Book Review: The Women in Whites by Raf Nicholson
- Richard Starkie

- 6 hours ago
- 3 min read
With the ICC T20 Women’s World Cup about to begin and with hundreds of thousands of tickets sold at the major test cricket venues, there is no better time than now to remind ourselves about where women’s cricket in England has come from over the last century and more - and the extraordinary journey English women’s cricket has been on over recent years.

“The Women in Whites” (Pitch Publishing, £19.99) takes us on a journey from the 14th Century until the present day. The author, Raf Nicholson has spent most of the last 20 years researching the history of women’s cricket, and this book is an authoritative and meticulous overview of how women’s cricket has developed, particularly since the creation of the Women’s Cricket Association in 1926.

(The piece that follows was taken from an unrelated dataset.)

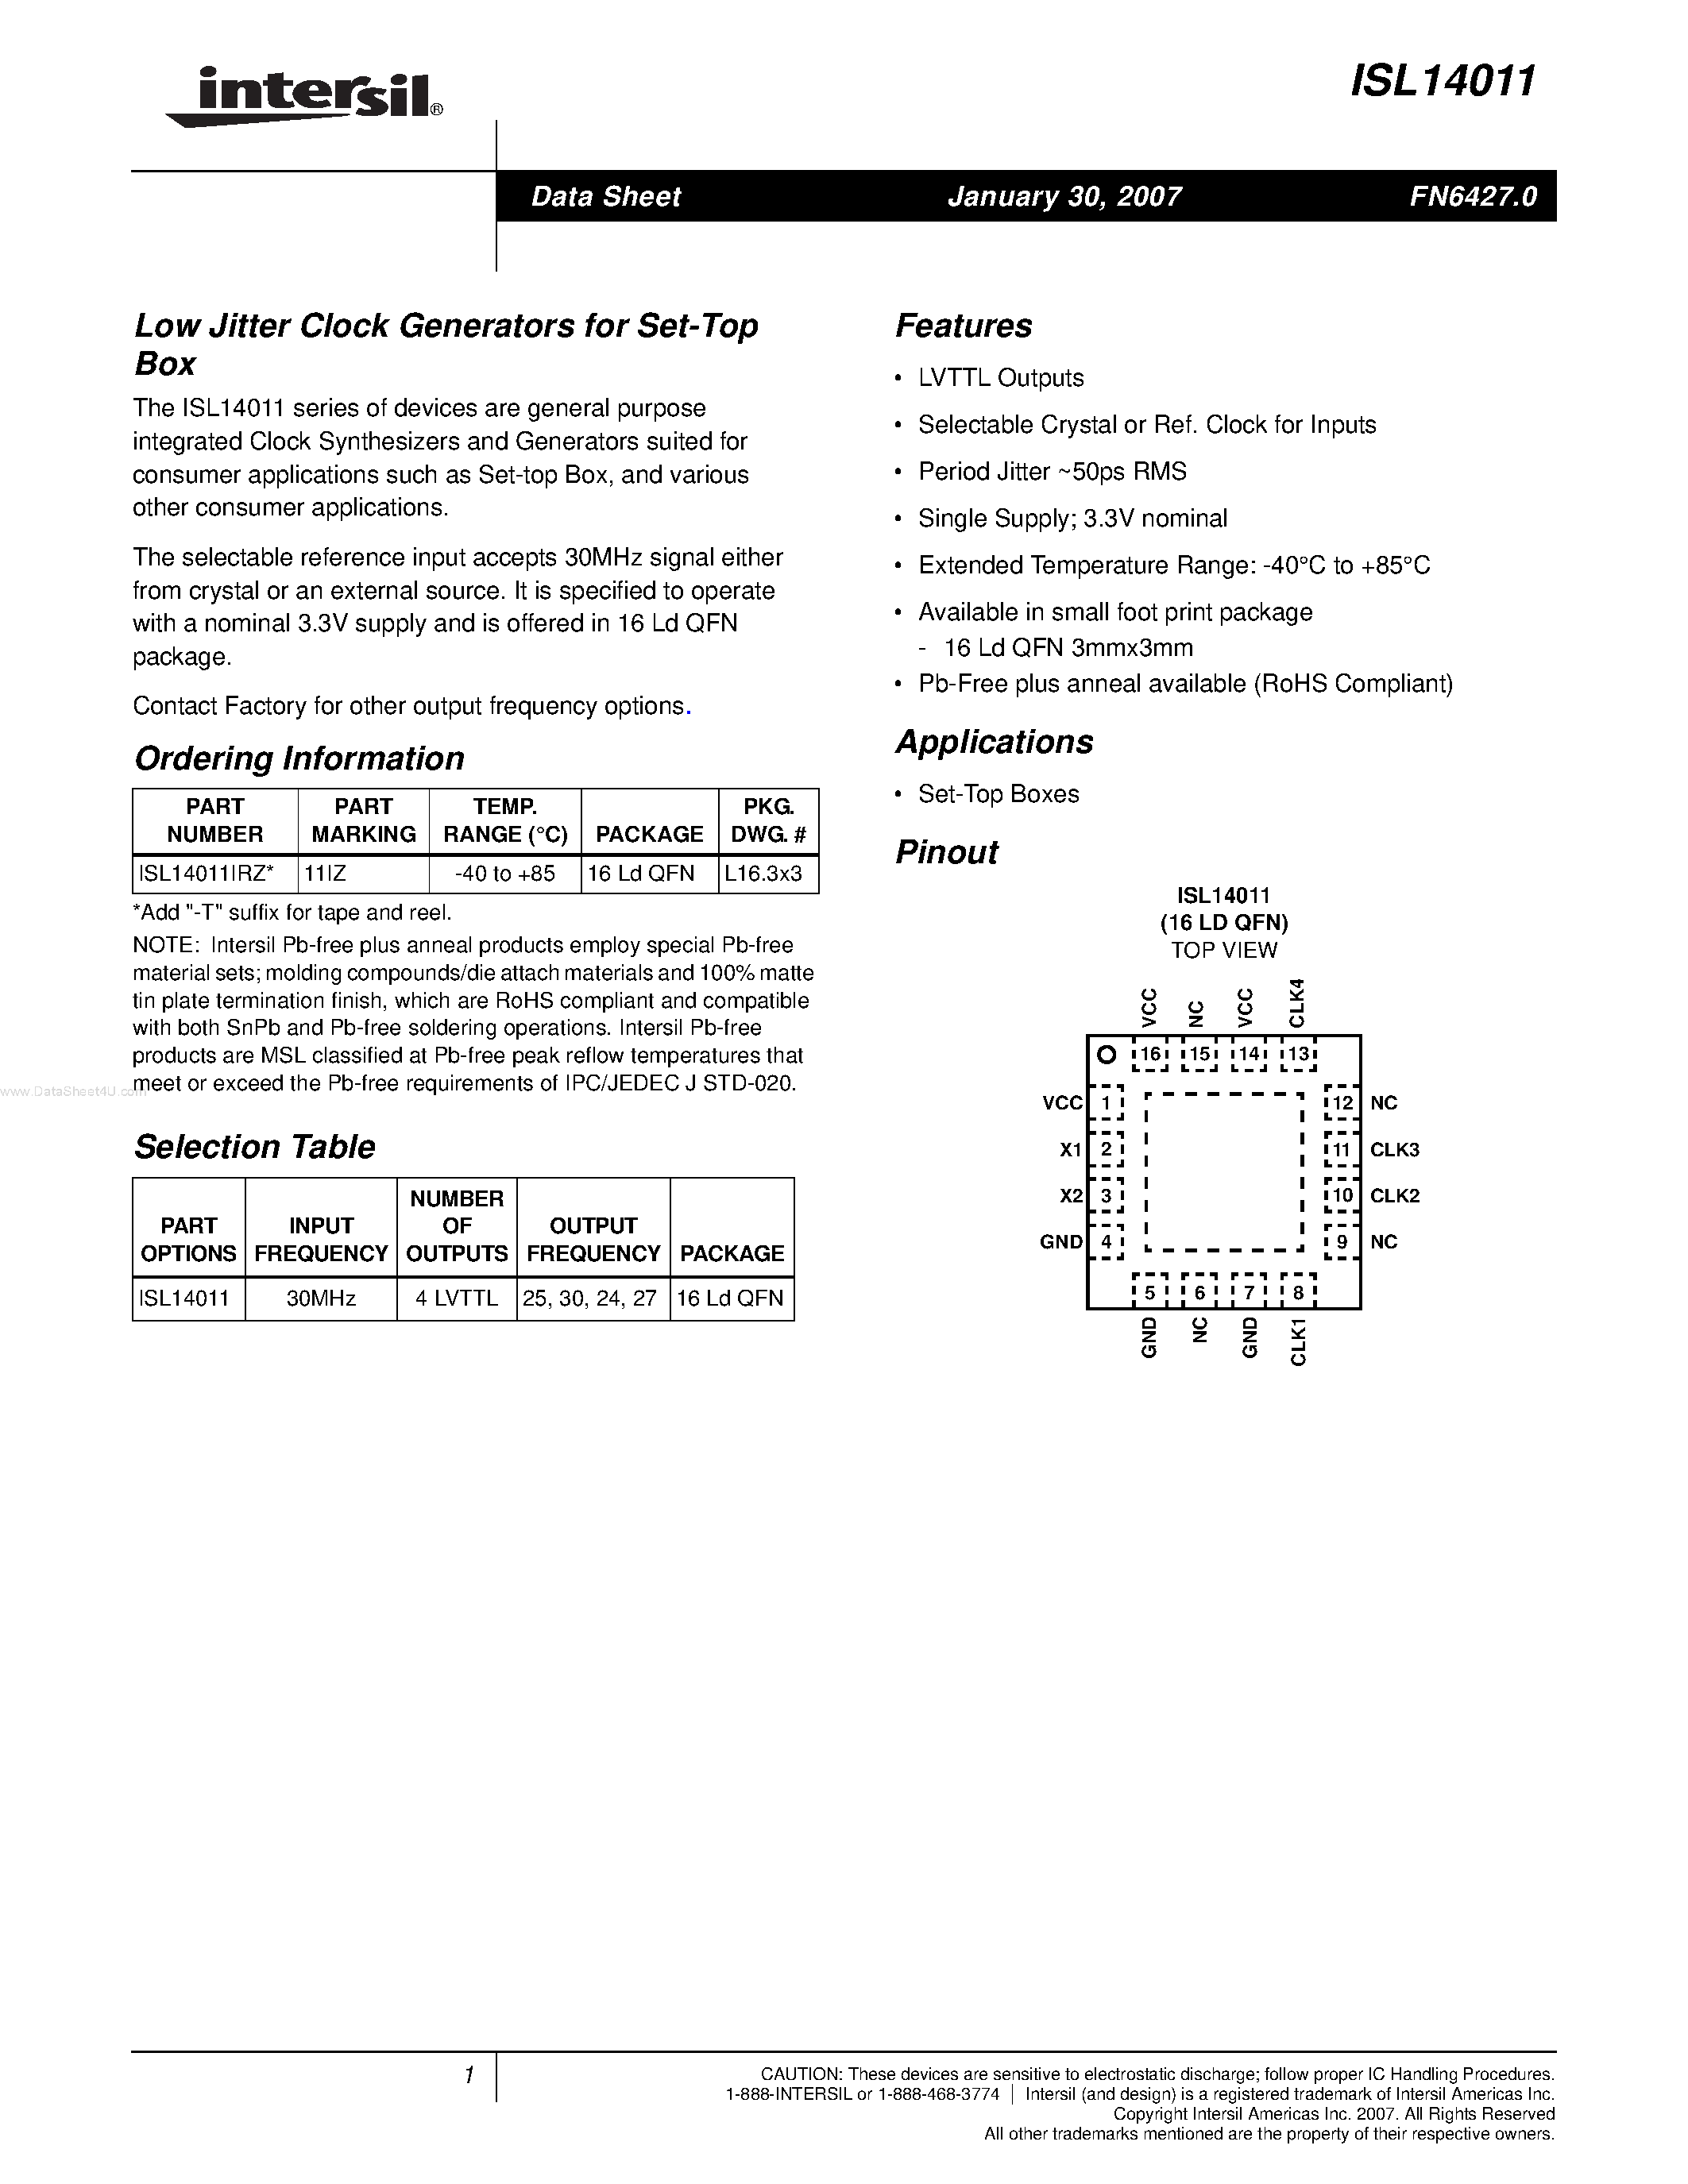 Даташит ISL14011 - Low Jitter Clock Generators страница 1

Alongside a chronological narrative of tours and crises and arguments and victories and defeats, the reader is introduced to the characters who pioneered and progressed the women’s game through the decades.
We meet Netta Rheinberg, the tour manager who ended up playing in a test match in 1949; Marjorie Pollard, who helped found the Women’s Cricket Association in 1926 and the first woman to commentate on a men’s test match; Frances Heron-Maxwell, the campaigner for women’s suffrage who turned the extensive grounds of her house into a cricket ground. And many more: Snowball, Bakewell, Heyhoe Flint, Brittin, Smithies, Connor, Edwards all take their places in the pantheon of the women’s game and this book gives the context and background to their careers and what made them so significant.
What Nicholson does brilliantly is to paint a picture of these women and the times in which they lived and the radical nature of what they were doing, thus transporting the reader to the interwar years, the postwar years, the 1960s, etc, right up to the present day.
The whole story is about a struggle for acceptance, a struggle to establish and maintain a sport against the odds, especially when confronted with overt and indirect misogyny. And most of all it’s a story about how radical people with radical ideas struggled to live by their ideals as the whole world around them changed. The really important ideals of the interwar years: amateurism, the length of skirts, a refusal to have any trophies, correct evening wear, become the very things that hold the game back in the second half of the 20th century.
Nicholson’s source material – particularly the WCA archive which she liberated from a cow shed in Lancashire, and which now resides in the MCC library at Lord’s, has given her a substantial amount of authentic material with which to work. Finding such a source must be a historian’s dream. Turning these minutes of meetings and diary entries and memos and ledgers into a narrative as coherent and charming as this is what sets this book apart.
And it was Nicholson’s work tracking down and interviewing former players over the past 15 years (many of whom have since died) and using those interviews to bring colour and insight and context to the archive which really helps the reader understand the story of women’s cricket from the point of view of the participants.
The book ends by bringing us right up to date. We live in a world of franchise deals, TV rights and global sporting politics, where cricketers are social media stars as well as athletes. As the book concludes, today’s players are indeed standing on the shoulders of giants.